<< Back to all Blogs
Snowflake DevOps - first impressions and comparison with schemachange

Snowflake DevOps - first impressions and comparison with schemachange

Maciej Tarsa

Snowflake resource lifecycle management tools

There are a number of options for programmatically managing the lifecycle of Snowflake resources. Terraform has previously been a popular choice - however due to many issues encountered - it is not recommended for teams without a wealth of Terraform and Infrastructure-as-Code (IaC) experience. As an alternative, we have been using schemachange - a tool following an imperative-style approach. It provides a low barrier of entry for teams used to SQL language while offering a good set of functionalities.
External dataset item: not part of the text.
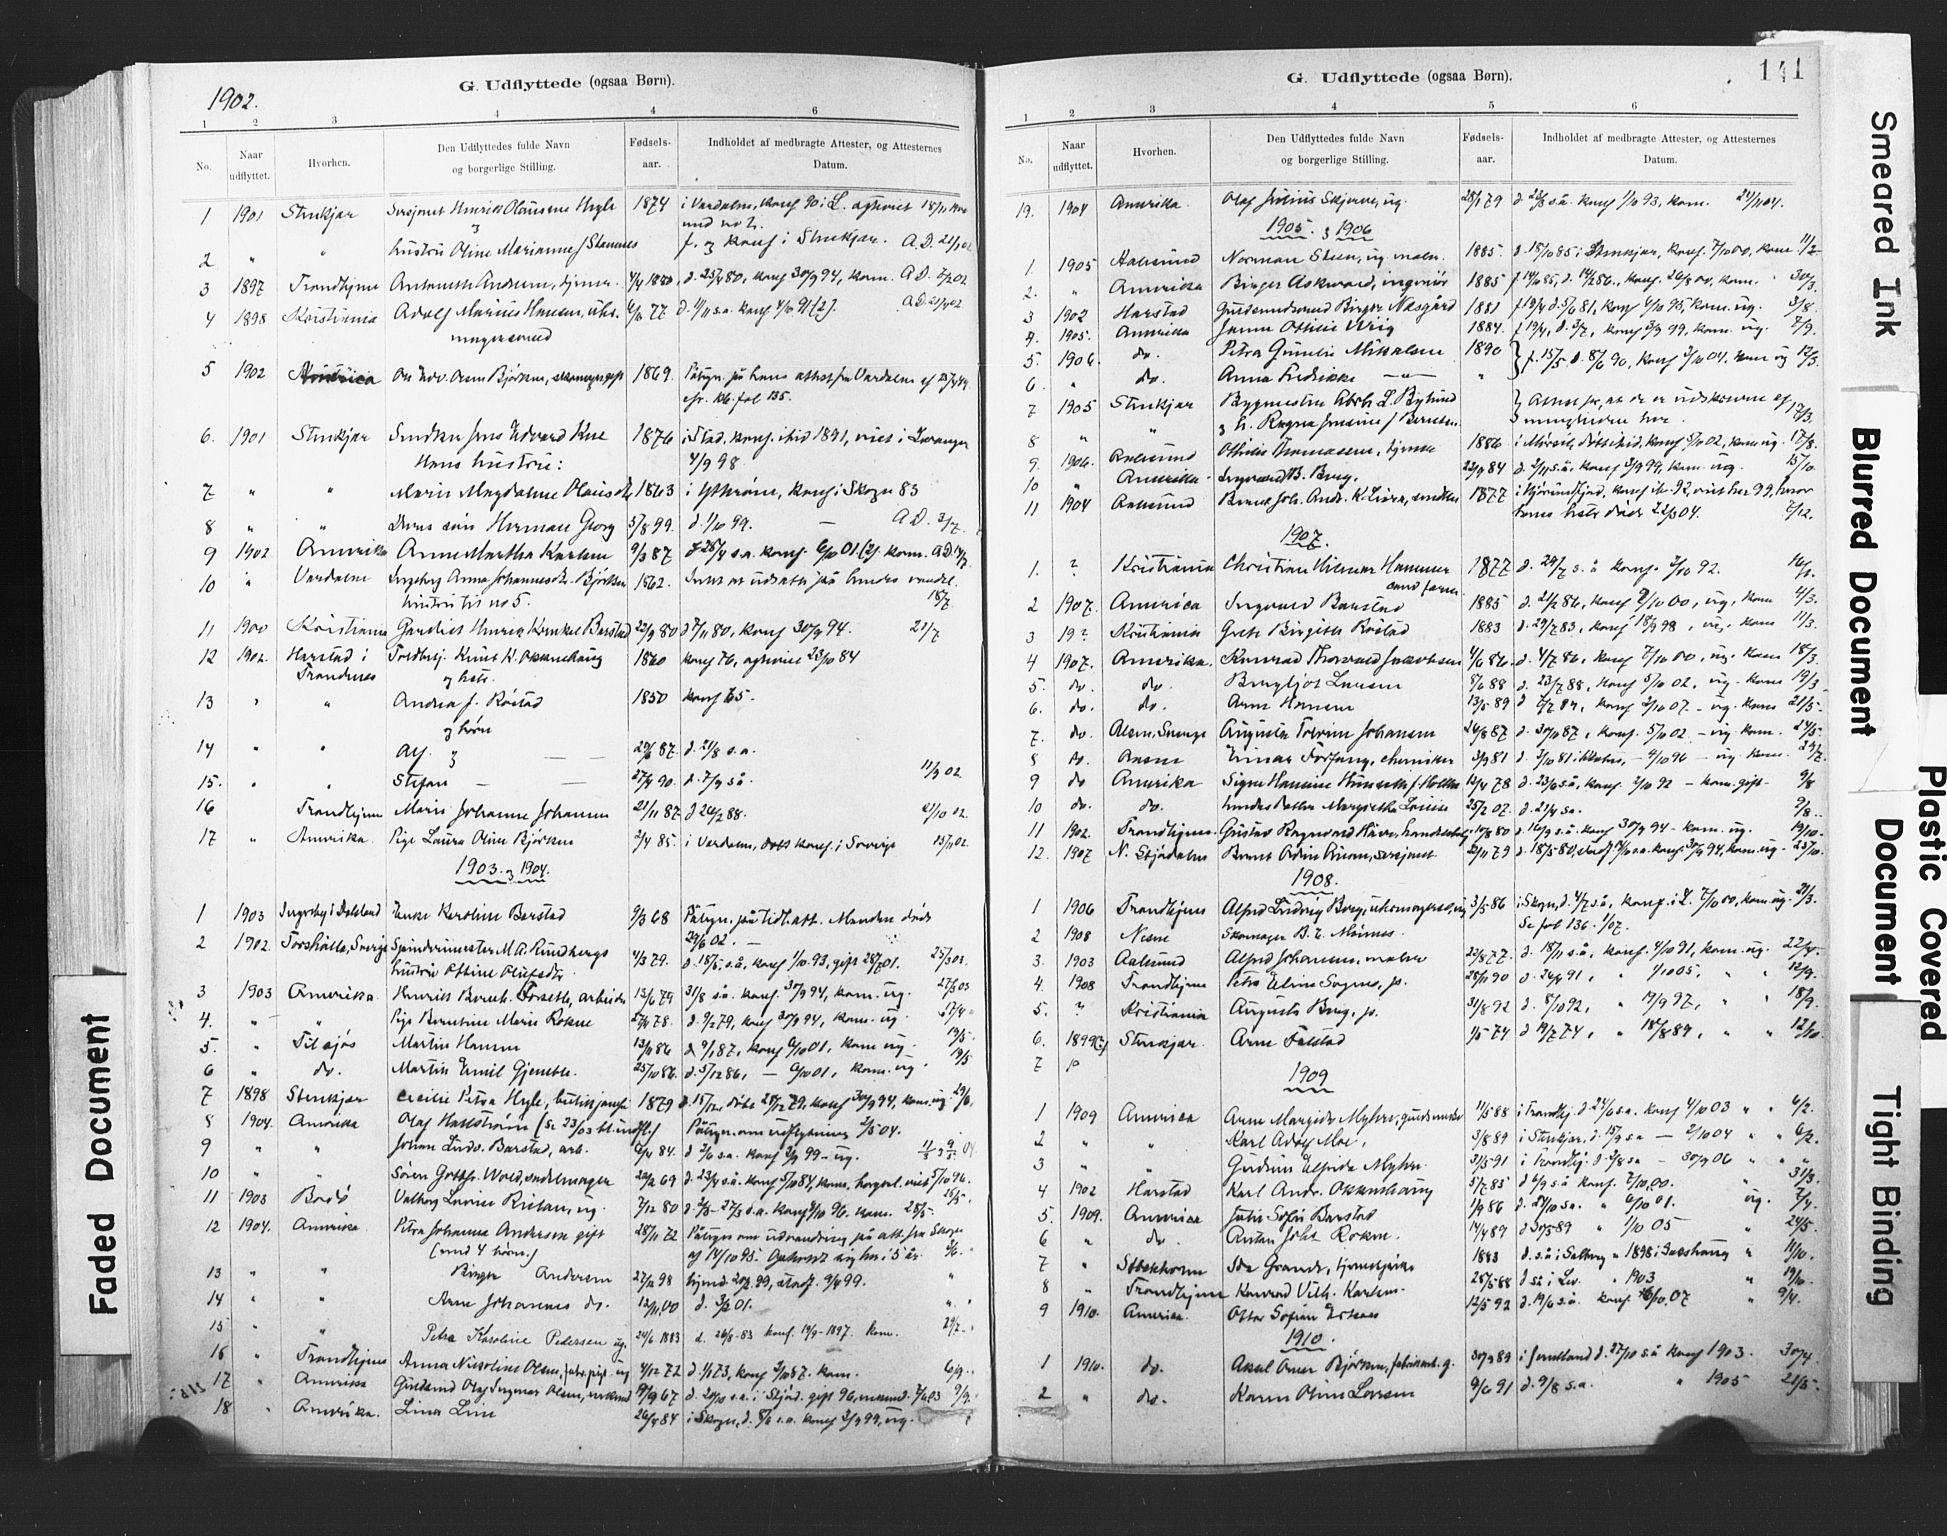 SAT, Ministerialprotokoller, klokkerbøker og fødselsregistre - Nord-Trøndelag, 720/L0189: Ministerialbok nr. 720A05, 1880-1911, s. 141

Despite the number of tools available, there is a gap in Snowflake’s native ability to provide object lifecycle management. Snowflake has been working on filling this gap and the recent introduction of Snowflake DevOps may sufficiently fill that space. The goal of this post is to evaluate whether Snowflake DevOps is ready to replace schemachange as an object management tool.

Our requirements

There are a number of things we want to be able to achieve with the tool of choice

  • Snowflake securable objects such as roles, users, warehouses, databases and tables should be defined in code
  • It should be possible to deploy these using CI/CD tools (automated deployment)
  • It should be possible to deploy to multiple environments in Snowflake (either logical or physical separation)
  • Ideally some testing should be possible - e.g. test that expected objects were created or that no additional objects of specific type exist in the environment

Next, we’ll introduce a sample deployment to Snowflake using both schemachange and Snowflake DevOps and evaluate both based on a number of criteria.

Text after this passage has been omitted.